What are AI agents, really?
From https://x.com/Suhail/status/1714019609224044654
In the last post, I wrote about AI agents as product managers but realized that as it's a very new term, it might not yet be clear to everyone what it means. Let's establish the term here.
"AI Agents" are causing a lot of hum and buzz in the AI ecosystem. AutoGPT is the fastest-growing GitHub repository ever in terms of stars, having crossed the 150k stars by now.
Additionally, it seems like almost daily, new agent projects are being created. See XAgent, AutoGPT, BabyAGI, AutoGen, …
But what are AI agents?
AI agents, or intelligent agents, are computer programs or systems designed to perceive their environment, make decisions, and take actions autonomously in order to achieve goals. They can be simple or complex, and examples include a thermostat, a human being, or any system that meets the definition. AI agents are often described schematically as an abstract functional system similar to a computer program. They can be autonomous, meaning they are designed to function in the absence of human intervention.
So why not just call them assistants? Thinking of an agent as an assistant is a pretty good approximation and will probably suffice for most people. However, agents can also act outside of a human assistant use-case, where the agent might just be part of a larger system.
For that, let's take a look at Langchain’s definition of an agent:
The core idea of agents is to use an LLM to choose a sequence of actions to take. In chains, a sequence of actions is hardcoded (in code). In agents, a language model is used as a reasoning engine to determine which actions to take and in which order.

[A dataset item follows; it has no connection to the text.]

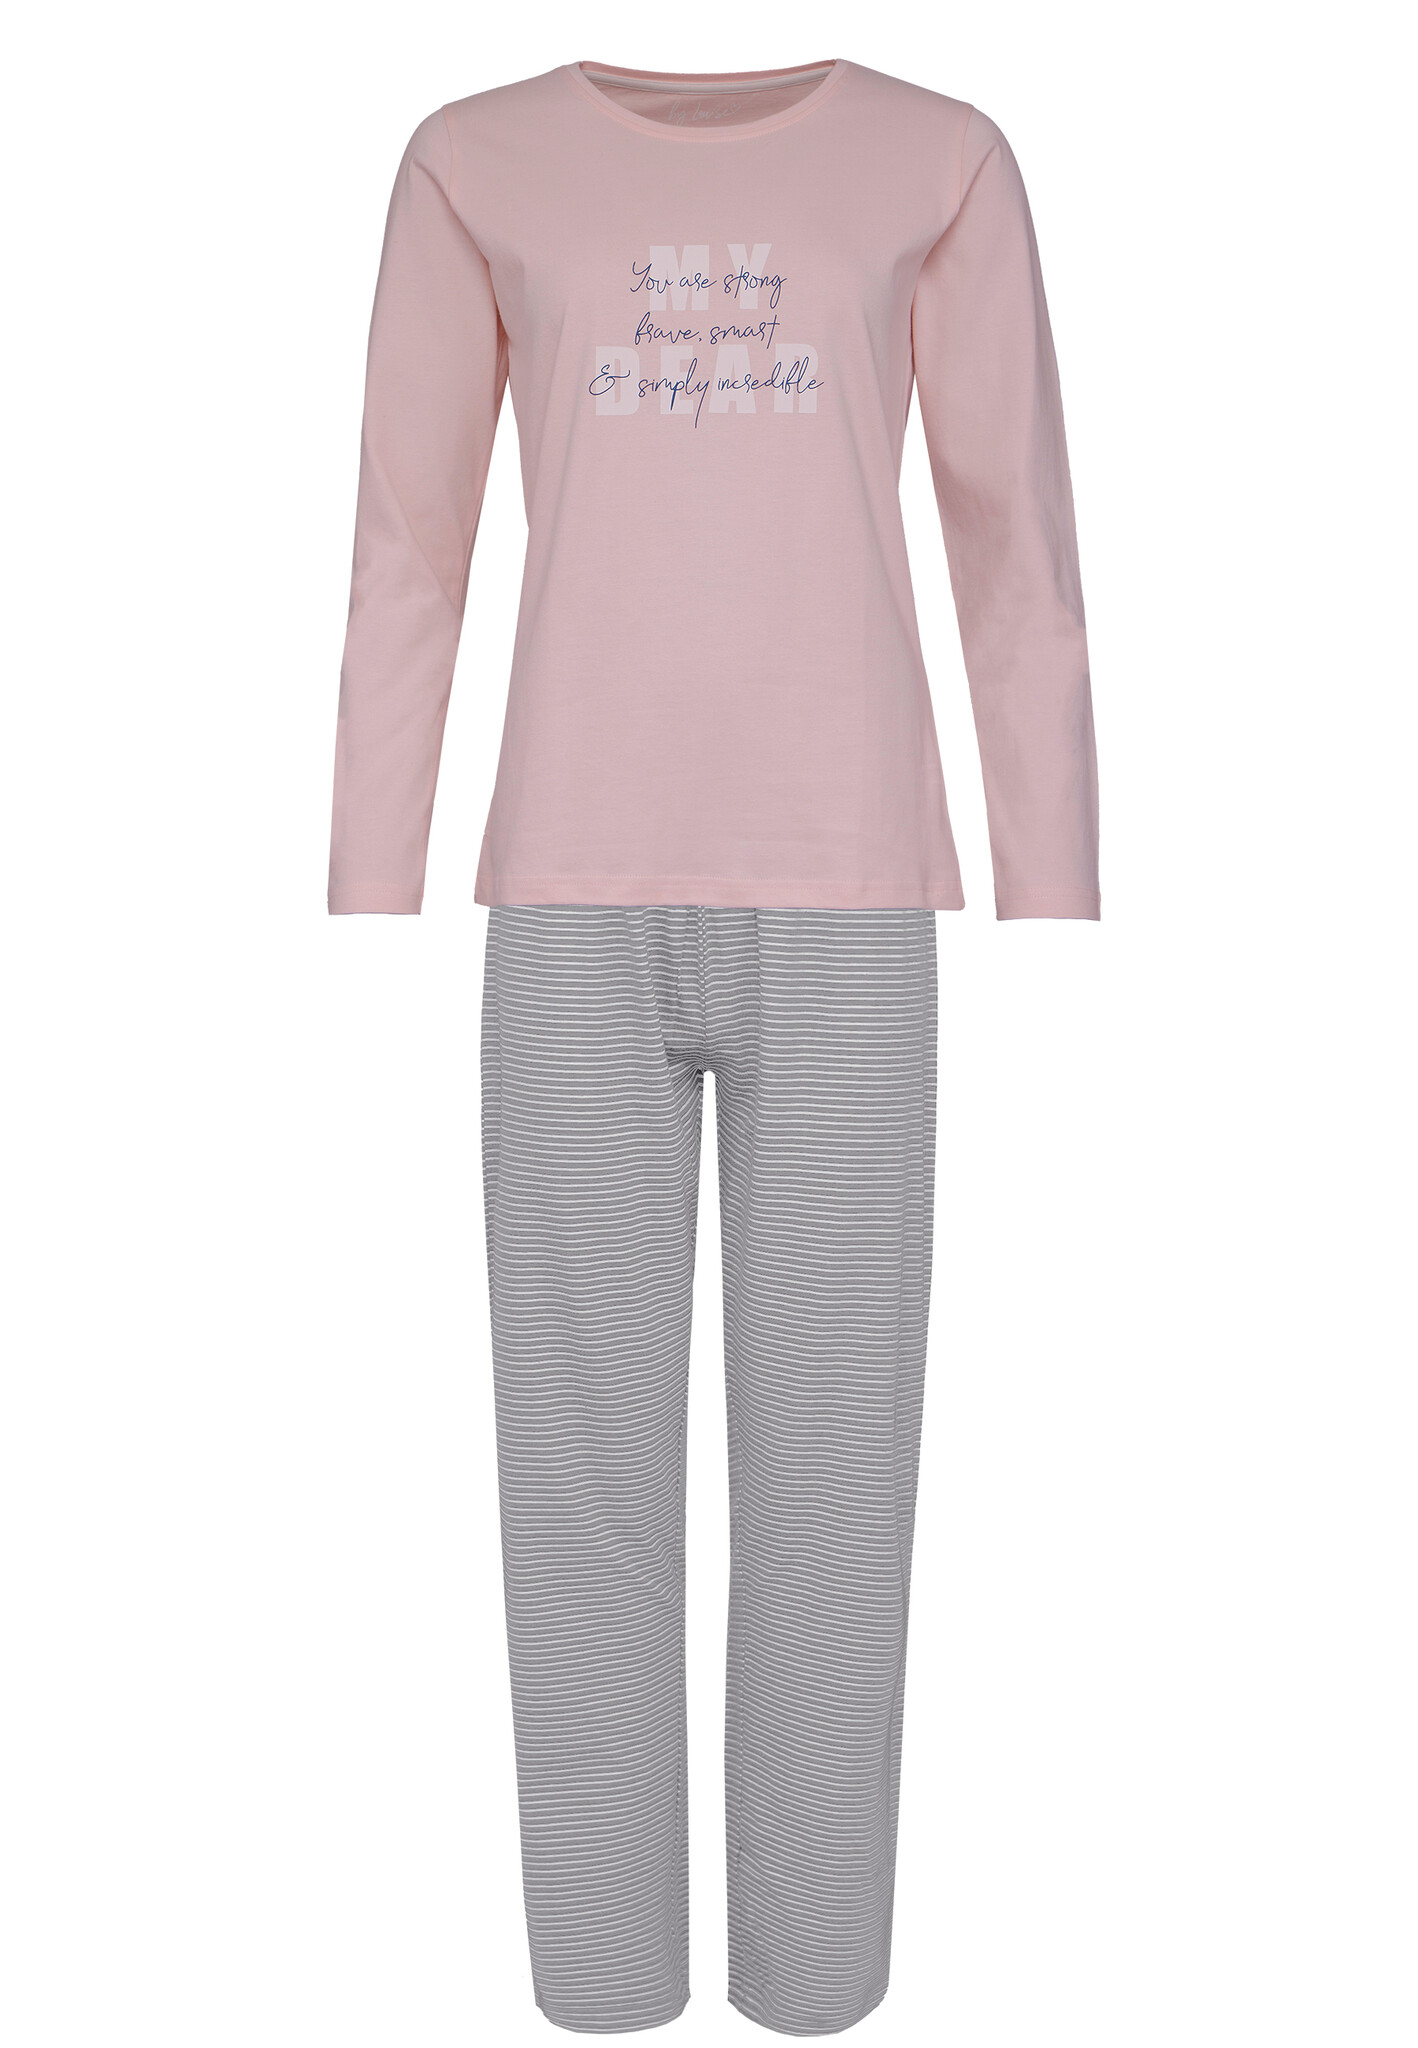 Afbeelding van By Louise Dames pyjama set lang katoen roze / grijs gestreept

What even is a chain? Let's say we have many company contracts in Google Drive stored as PDFs. We try to look something up in these contracts, but doing that manually is very cumbersome. If we would have a search engine to search in all those documents with natural language, that would be amazing... This use-case we've just described is the "Hello World" application of LLMs and a typical starting point for many people. How would we implement such a system? With a program that executes a (chained) sequence of steps:
Read all PDFs from the folder
Parse all PDFs and extract the text (there are libraries in all major languages doing this already)
For each PDF document, chunk it up in smaller pieces, such as about 200 words. We usually chunk by tokens, but can for simplicity assume that a chunk is roughly one token. A token is just word in the vocalubary of the language model
There are some language models specialized on turning text into vectors, also called embeddings. We now take the text chunk, tokenize it, meaning turning the text into a bunch of numbers. Those numbers we now put into the language model, which gives us again a bunch of numbers, which we call an embedding vector. That embedding vector usually has 512 - 1536 dimensions.
Now we store the small chunks together with the vectors related to the chunks in a database that is optimized for fast similarity search of these vectors.
We're done with building our index, now we can ask a question and answer it.
Let's say the question is, "What's the PTO policy in the contracts from last year?". What we do now is repeat step 4 for this question - get the embedding vector for this input question. With that vector, we now ask the database to give us the nearest neighbor vectors with the smallest distance to this vector in the vector space. Usually, the euclidean distance is used for this.
we now take the text chunks and concatenate them for those neighbors. With those and the request query, we now send an input question of this form to the LLM:
This is the context:
===========================
all our text chunks from the pdfs, with potentially thousands of tokens
===========================
Based on the context above, answer the query:
What's the PTO policy in the contracts from last year?
9. In other words, we're gathering a bunch of context that we "stuff into" the LLM prompt and we hope that based on this context the LLM can give us a great answer.
This is called RAG. Retrieval Augmented Generation. Libraries like LlamaIndex and LangChain exist to make this pattern accessible.
Cool. How do agents now come into play?
Let's say we're not just gathering PDFs but trying to extract data from a relational database such as MySQL.
And let's say that when we try that, we can't correctly extract the data from the database.
But what's the issue?
Is it the database connection?
Has the table we're looking at maybe been renamed? Has the column been renamed?
While we can have a chain trying to get data from a database with a predefined order of steps, this problem can be solved with an agent. An agent would be a system in which we let the LLM decide which steps to take to extract the data, based on the latest feedback it gets from its environment, in this case the database.
The agent might look at the database error and realize that the table has been renamed. It tries another query and succeeds. In other words, we can use an LLM to debug a flow. So an LLM is basically the "brain" of an agent.
There are many more examples of agents, but as this post already got longer than anticipated, for now I'll leave it at that. I hope this helped a bit to understand the different concepts.
Coming back to the question - are agents a fad? Is it hype?
In any new discipline, new terms need to be established. I think it's normal that not everyone has the exact definition for an agent. Establishing a clear term will take us a while, but I'm sure we'll get there.
However, I also believe that, yes, there is a lot of hype right now, and it's essential to take a step back, and reflecting on the problems we want to solve. Agents are a cool "what" - but what's the "why"?